| Directions |
For this exercise, reproduce the entries below exactly, but only from the line containing "Variera Box With" through the line containing "Amanté Print Ad", both included.

| Input records |
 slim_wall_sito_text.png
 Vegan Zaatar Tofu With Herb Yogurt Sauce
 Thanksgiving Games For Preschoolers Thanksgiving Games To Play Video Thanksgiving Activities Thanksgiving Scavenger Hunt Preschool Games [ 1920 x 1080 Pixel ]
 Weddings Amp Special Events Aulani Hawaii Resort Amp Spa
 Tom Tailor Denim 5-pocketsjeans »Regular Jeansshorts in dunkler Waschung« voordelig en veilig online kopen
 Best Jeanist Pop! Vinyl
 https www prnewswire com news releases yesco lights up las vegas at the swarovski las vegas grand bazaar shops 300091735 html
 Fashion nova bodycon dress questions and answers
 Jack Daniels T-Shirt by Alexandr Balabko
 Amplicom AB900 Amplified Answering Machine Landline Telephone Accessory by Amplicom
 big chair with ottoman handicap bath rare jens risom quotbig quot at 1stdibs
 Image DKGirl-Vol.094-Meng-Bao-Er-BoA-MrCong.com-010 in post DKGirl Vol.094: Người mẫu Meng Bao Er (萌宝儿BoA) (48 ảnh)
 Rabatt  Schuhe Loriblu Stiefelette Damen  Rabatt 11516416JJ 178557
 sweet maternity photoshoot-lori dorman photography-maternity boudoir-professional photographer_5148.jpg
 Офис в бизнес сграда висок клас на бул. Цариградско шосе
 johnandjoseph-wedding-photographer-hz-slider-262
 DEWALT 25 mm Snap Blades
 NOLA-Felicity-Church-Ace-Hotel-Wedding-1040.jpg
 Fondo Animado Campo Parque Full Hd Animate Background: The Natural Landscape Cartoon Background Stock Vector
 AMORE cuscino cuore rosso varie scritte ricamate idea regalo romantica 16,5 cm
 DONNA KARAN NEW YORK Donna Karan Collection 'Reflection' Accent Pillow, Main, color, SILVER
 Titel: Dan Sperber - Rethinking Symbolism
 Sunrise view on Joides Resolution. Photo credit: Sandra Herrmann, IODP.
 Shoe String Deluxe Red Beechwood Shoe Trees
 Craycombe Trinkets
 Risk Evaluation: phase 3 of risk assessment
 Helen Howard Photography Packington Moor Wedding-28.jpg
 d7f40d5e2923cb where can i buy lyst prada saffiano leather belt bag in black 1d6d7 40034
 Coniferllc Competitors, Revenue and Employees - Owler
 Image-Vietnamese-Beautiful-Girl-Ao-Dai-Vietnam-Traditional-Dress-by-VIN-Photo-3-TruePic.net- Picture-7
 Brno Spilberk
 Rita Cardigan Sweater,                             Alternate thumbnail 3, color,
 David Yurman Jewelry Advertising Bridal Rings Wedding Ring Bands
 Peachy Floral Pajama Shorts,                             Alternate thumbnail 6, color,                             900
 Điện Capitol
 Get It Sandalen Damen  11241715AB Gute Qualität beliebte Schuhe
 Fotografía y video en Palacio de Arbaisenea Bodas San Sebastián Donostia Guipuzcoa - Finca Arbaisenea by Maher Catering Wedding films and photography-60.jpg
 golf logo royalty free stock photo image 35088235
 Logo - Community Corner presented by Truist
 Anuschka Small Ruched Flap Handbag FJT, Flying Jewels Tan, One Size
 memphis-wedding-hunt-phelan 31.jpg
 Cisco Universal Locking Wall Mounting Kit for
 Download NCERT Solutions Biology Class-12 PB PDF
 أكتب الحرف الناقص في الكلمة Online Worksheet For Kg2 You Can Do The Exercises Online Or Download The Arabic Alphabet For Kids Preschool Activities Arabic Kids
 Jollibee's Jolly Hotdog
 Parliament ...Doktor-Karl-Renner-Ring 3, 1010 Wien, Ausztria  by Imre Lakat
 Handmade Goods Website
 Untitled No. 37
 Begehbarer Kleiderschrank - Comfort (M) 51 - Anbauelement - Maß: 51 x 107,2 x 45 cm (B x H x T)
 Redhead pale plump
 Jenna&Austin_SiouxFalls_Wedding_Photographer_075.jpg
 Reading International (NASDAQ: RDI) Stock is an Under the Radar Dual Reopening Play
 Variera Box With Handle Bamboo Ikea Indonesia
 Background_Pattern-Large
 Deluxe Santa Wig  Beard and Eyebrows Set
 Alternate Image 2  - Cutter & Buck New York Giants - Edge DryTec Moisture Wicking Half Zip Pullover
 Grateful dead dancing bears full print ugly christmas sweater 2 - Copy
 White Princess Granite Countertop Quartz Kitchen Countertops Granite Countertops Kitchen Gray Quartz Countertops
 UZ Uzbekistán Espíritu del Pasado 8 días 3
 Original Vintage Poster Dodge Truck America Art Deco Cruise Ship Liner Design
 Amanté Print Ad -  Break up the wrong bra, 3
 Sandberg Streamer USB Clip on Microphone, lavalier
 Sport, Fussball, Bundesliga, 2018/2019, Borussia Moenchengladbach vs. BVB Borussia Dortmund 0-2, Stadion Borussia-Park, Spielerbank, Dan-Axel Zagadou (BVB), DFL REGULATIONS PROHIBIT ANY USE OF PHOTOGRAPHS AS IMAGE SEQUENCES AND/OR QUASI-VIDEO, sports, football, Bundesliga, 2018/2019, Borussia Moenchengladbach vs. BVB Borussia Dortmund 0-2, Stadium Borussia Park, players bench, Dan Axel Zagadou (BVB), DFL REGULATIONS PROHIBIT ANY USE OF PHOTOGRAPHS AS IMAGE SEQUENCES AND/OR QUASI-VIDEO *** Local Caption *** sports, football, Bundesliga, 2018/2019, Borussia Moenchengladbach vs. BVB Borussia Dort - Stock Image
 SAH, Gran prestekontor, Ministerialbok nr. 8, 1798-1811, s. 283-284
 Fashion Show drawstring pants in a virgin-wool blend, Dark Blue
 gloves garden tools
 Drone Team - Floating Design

| Response to this task |
 Variera Box With Handle Bamboo Ikea Indonesia
 Background_Pattern-Large
 Deluxe Santa Wig  Beard and Eyebrows Set
 Alternate Image 2  - Cutter & Buck New York Giants - Edge DryTec Moisture Wicking Half Zip Pullover
 Grateful dead dancing bears full print ugly christmas sweater 2 - Copy
 White Princess Granite Countertop Quartz Kitchen Countertops Granite Countertops Kitchen Gray Quartz Countertops
 UZ Uzbekistán Espíritu del Pasado 8 días 3
 Original Vintage Poster Dodge Truck America Art Deco Cruise Ship Liner Design
 Amanté Print Ad -  Break up the wrong bra, 3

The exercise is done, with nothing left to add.